Vision and volition for l’avenir


Manifesto

The sense of the end of an epoch hangs strongly over our times, whether in the hegemonic notion of the end of a Hegelian world history, the culminant rational godhood of the Enlightenment or the exploding apocalyptic millenarianism claiming sectarian fulfillments from every direction of the earth. The age of science and technology uniformalizes the world today under the sign of neo-liberal globalization. Multinational capitalism streams through nation-states constructing its control apparatus, a omniscient panopticon, poised to fulfill the prophecy of the modern knowledge academy – the human sciences dictating a universal anthropology and psychology based on behaviorism and the market, configuring world populations as standing reserve and increasingly as appendages of fantastically efficient machineries, meshed together in finer and more invisible systems aspiring to the condition of integrality.

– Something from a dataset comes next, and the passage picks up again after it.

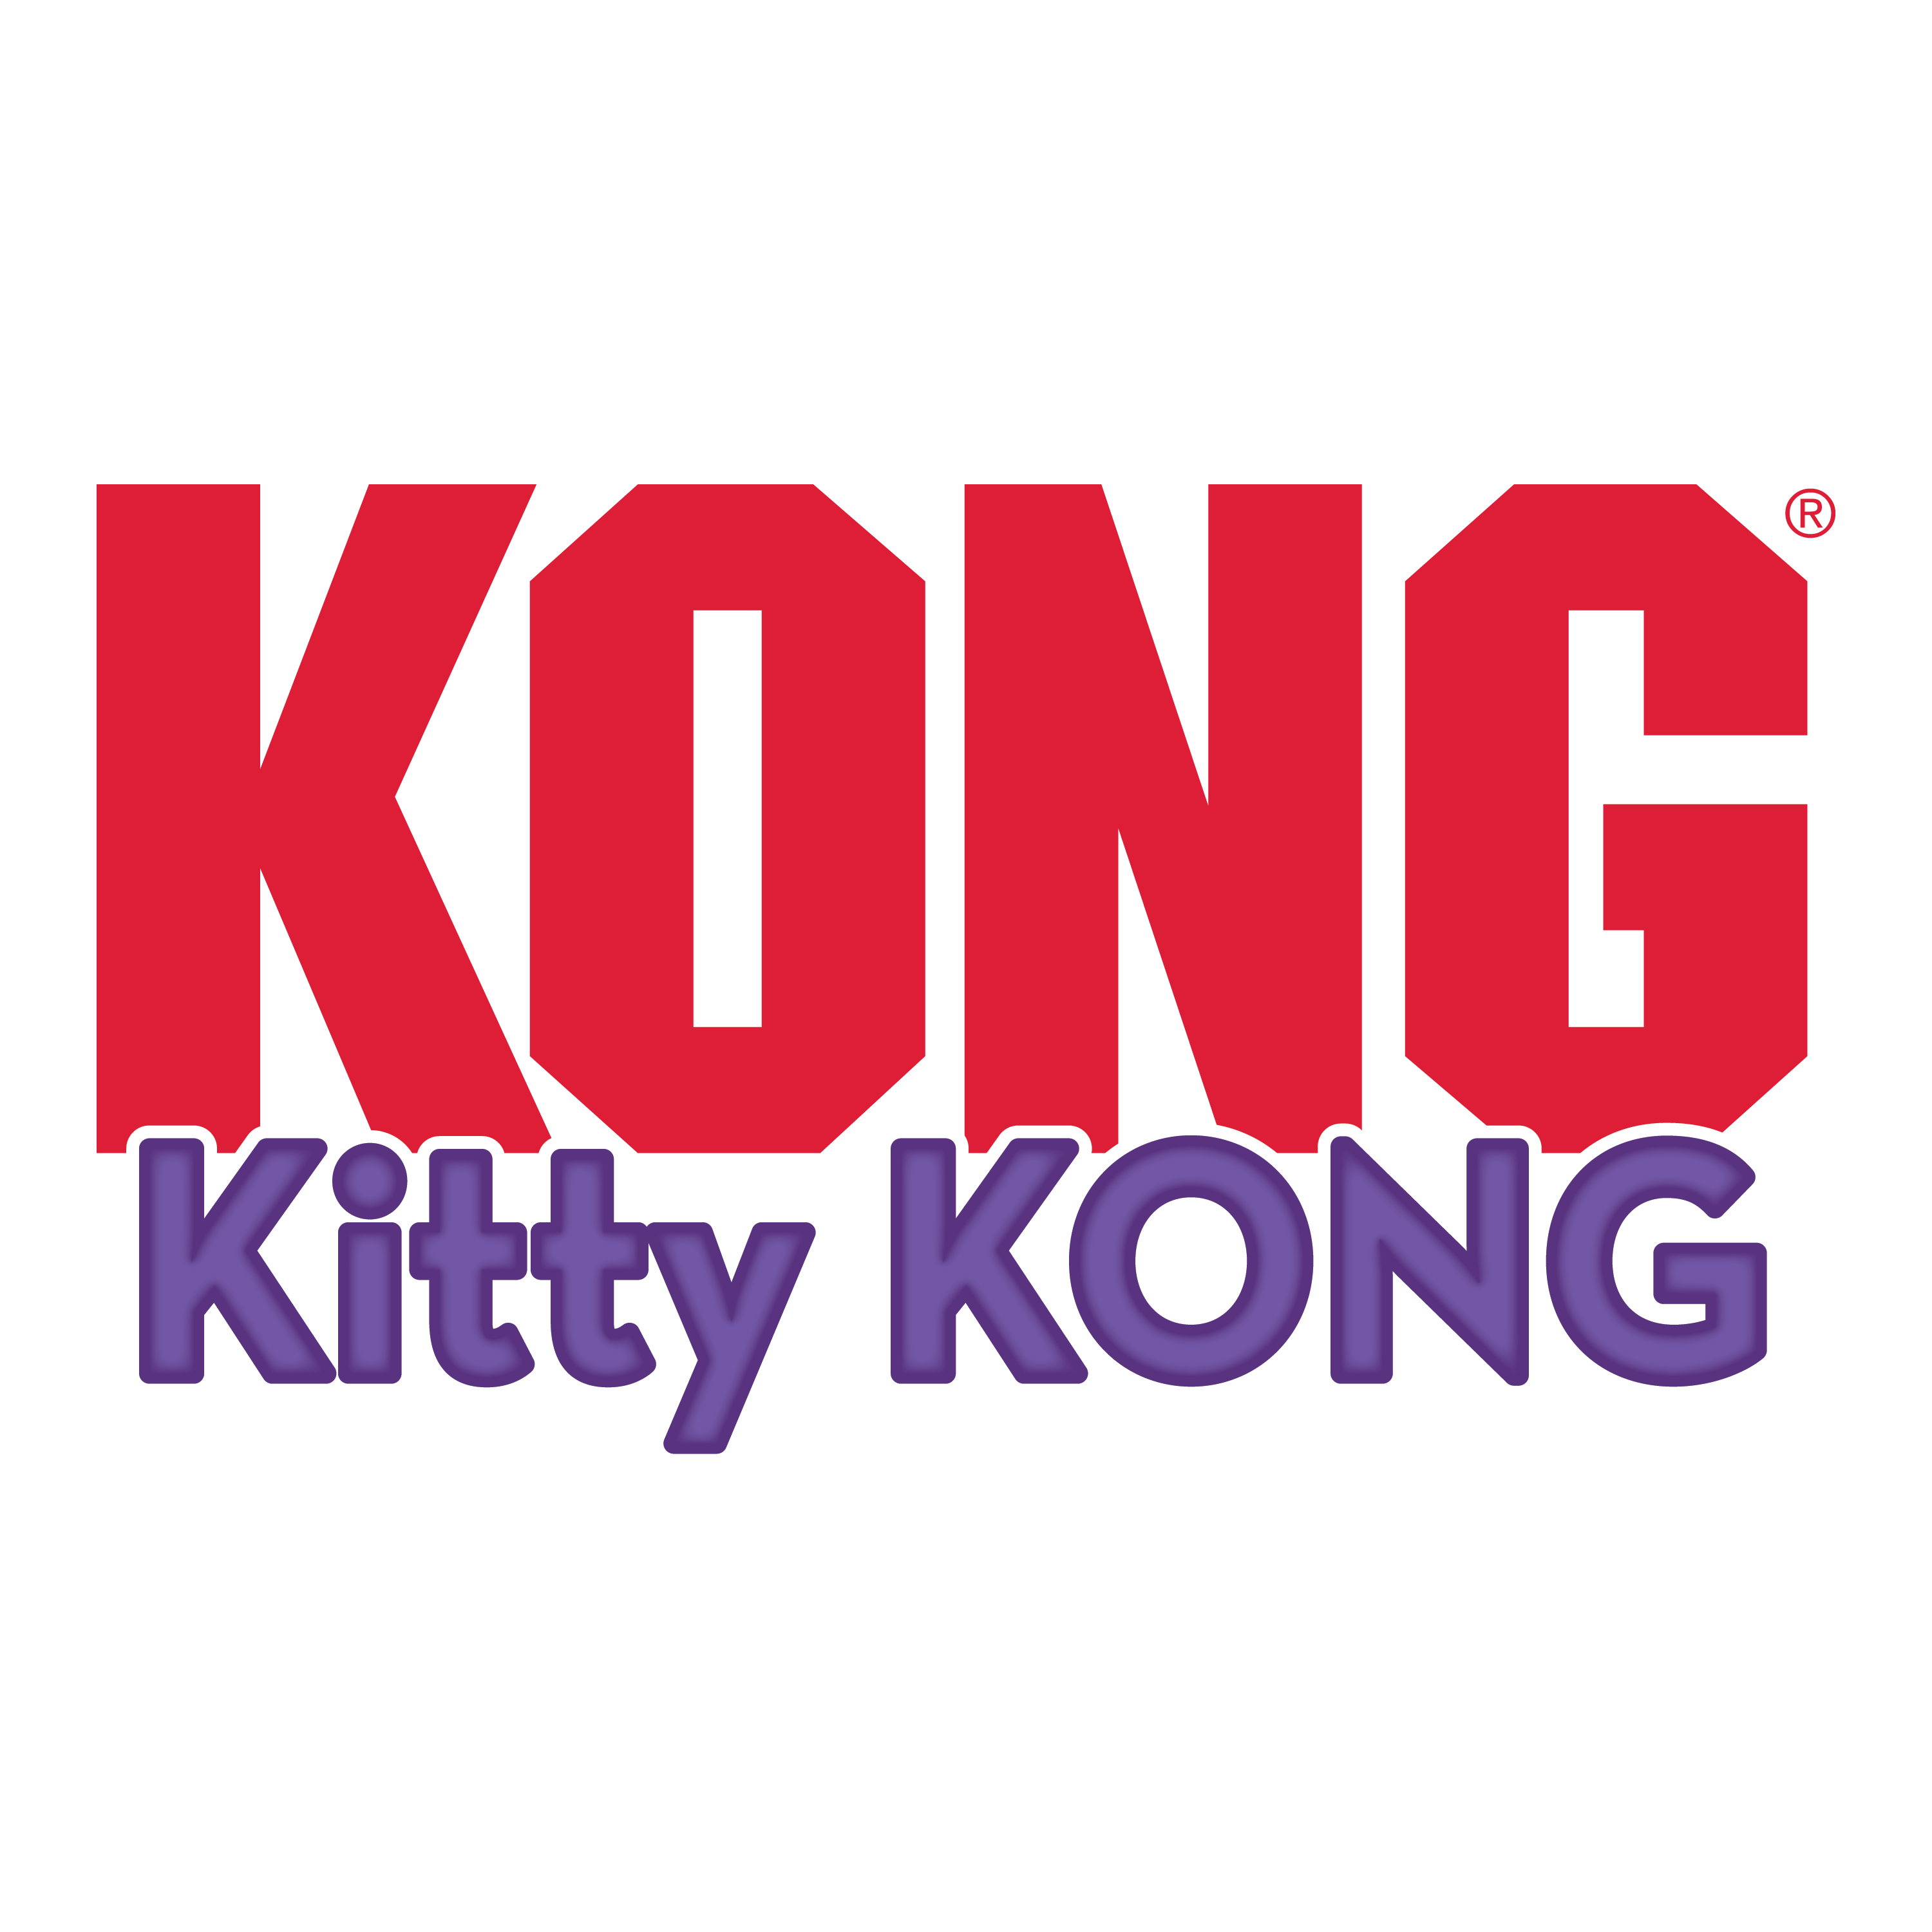 Kitty KONG alt1 immagine del prodotto
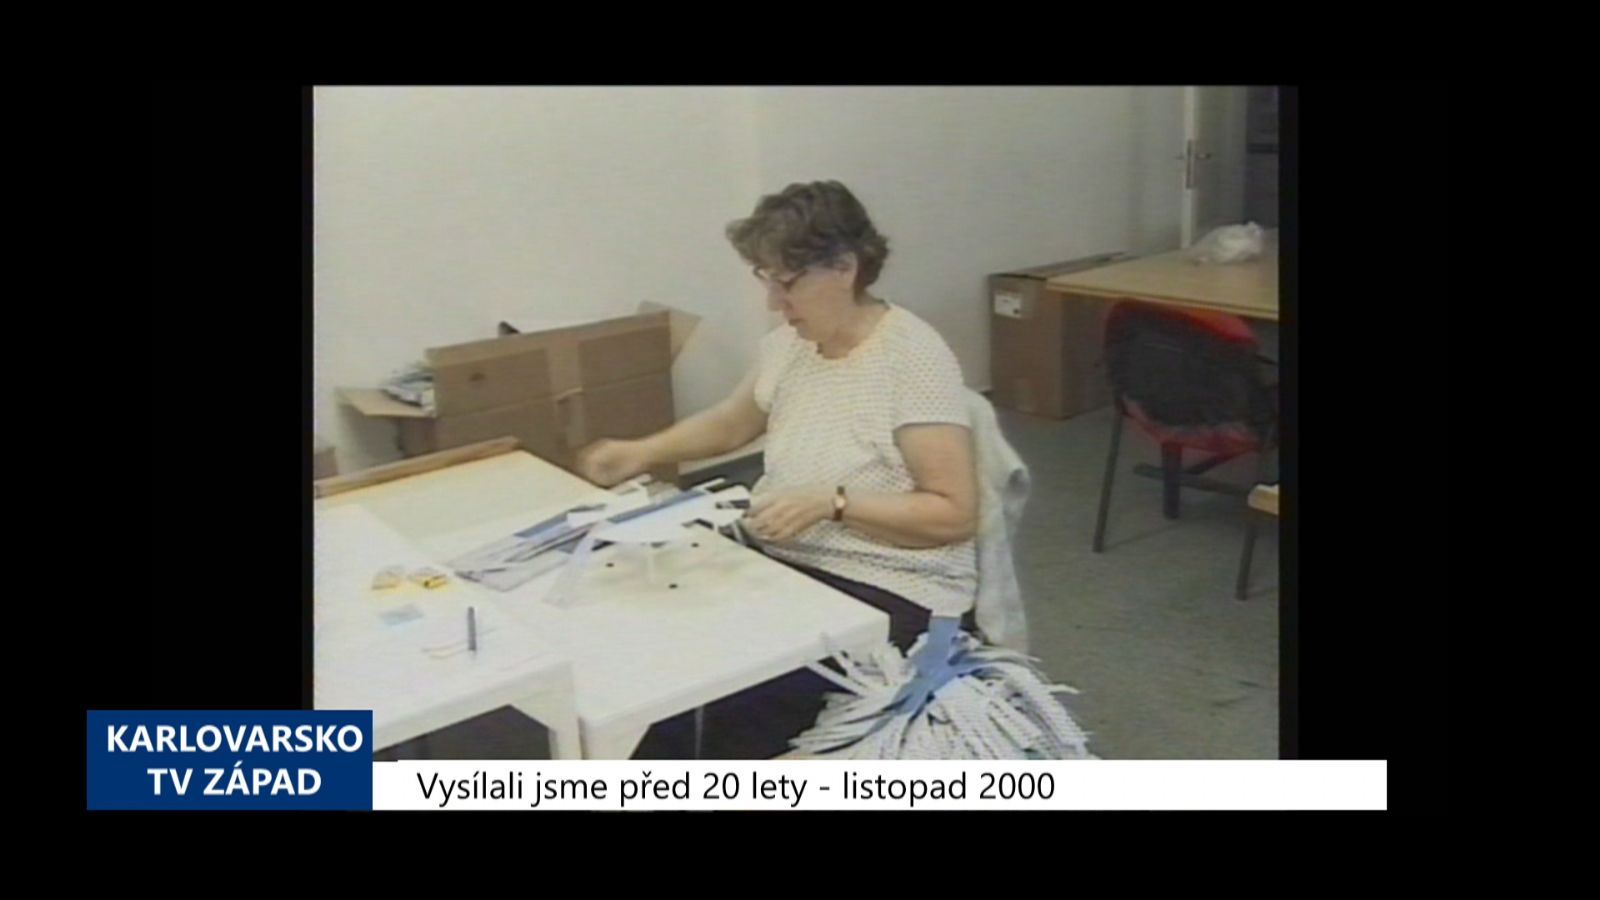 2000 – Cheb: Součástí Chráněných dílen bude přeškolovací centrum (TV Západ)

Against this, singularities of all kinds revolt, in suicide missions of mutual destruction in the name of god’s will and its universal claim on world history. Origin myths, blood cleansing rites, control societies of historical purity raise their shrill voices in a discordant cacophony – or is this rather the ambiguous harmony of a new subjectivity? Is it possible anymore to talk of humanism, when human consciousness is physically and metaphysically thought of and described in terms of platforms for running machine-codes of Darwinian algorithms; or when a tangle of human destinies contest the future and in the thick of this contest, human agency is forcibly hybridized in incalculable ways? Who and how many are the seen and unseen contestants slouching towards Bethlehem to be born?  Our technologies are increasingly the ubiquitous environments of our Lifeworld. Will humanity disappear in technology or will technology disappear in the human? In this the age of comparative-culture-gone-crazy in which the digital commodity forms of hyper-modernism assault consciousness mercilessly at almost every waking moment, are there a set of inexorable options or alternate modernities that can grow rhizomatically from our present orientation to promise a future free from the terror of code, the horrors of consumerism, and the death wish of fundamentalism?
And what kind of human would remain to live such a future – what universal anthropology redeemed as the collective body of poesis and techne? Is this the possibility held out by purnayoga that deterritorializes human consciousness in terms of its subjugation to the desiring codes of prakriti (nature) but languages a reconstruction of the sacrificed body of purusha (soul) in terms of tapas and shakti? How can a practice that cultivates a Foucauldian care of self wield its inner technologies to harvest attention and sublimate desire to facilitate the reversal of the equation of purusha and prakriti, freedom and control? Given the blind play of word forces kneading an unpredictable chaos is the epic imagination or self-discipline conceivable to the liberal humanist subject who suffers the painful memory traces of a long history of failed metaphysics?
If man is ropewalker between beast and overman we are suspended above a species aporia vacillating in a present in which the soul’s history has become tightly bound to its destining as technological artifact, its individuation a process of binary abstraction from networked circuits of global collectivization. The question that confronts the human future is not simply one of inevitable change or endings but whether the last man whimpered or not before succumbing to its post-human destiny. But can a transitional vision and volition (prakamya, aishwarya) play some role in the ruptured arrival of the post-human? At what we consider a temporal bifurcation point of not one but many post-human destinies we stand poised before we the editors of this webzine engage with theoria to negotiate these questions to explore the fashioning of new tools for a praxis of individual and social contemplation of l’avenir.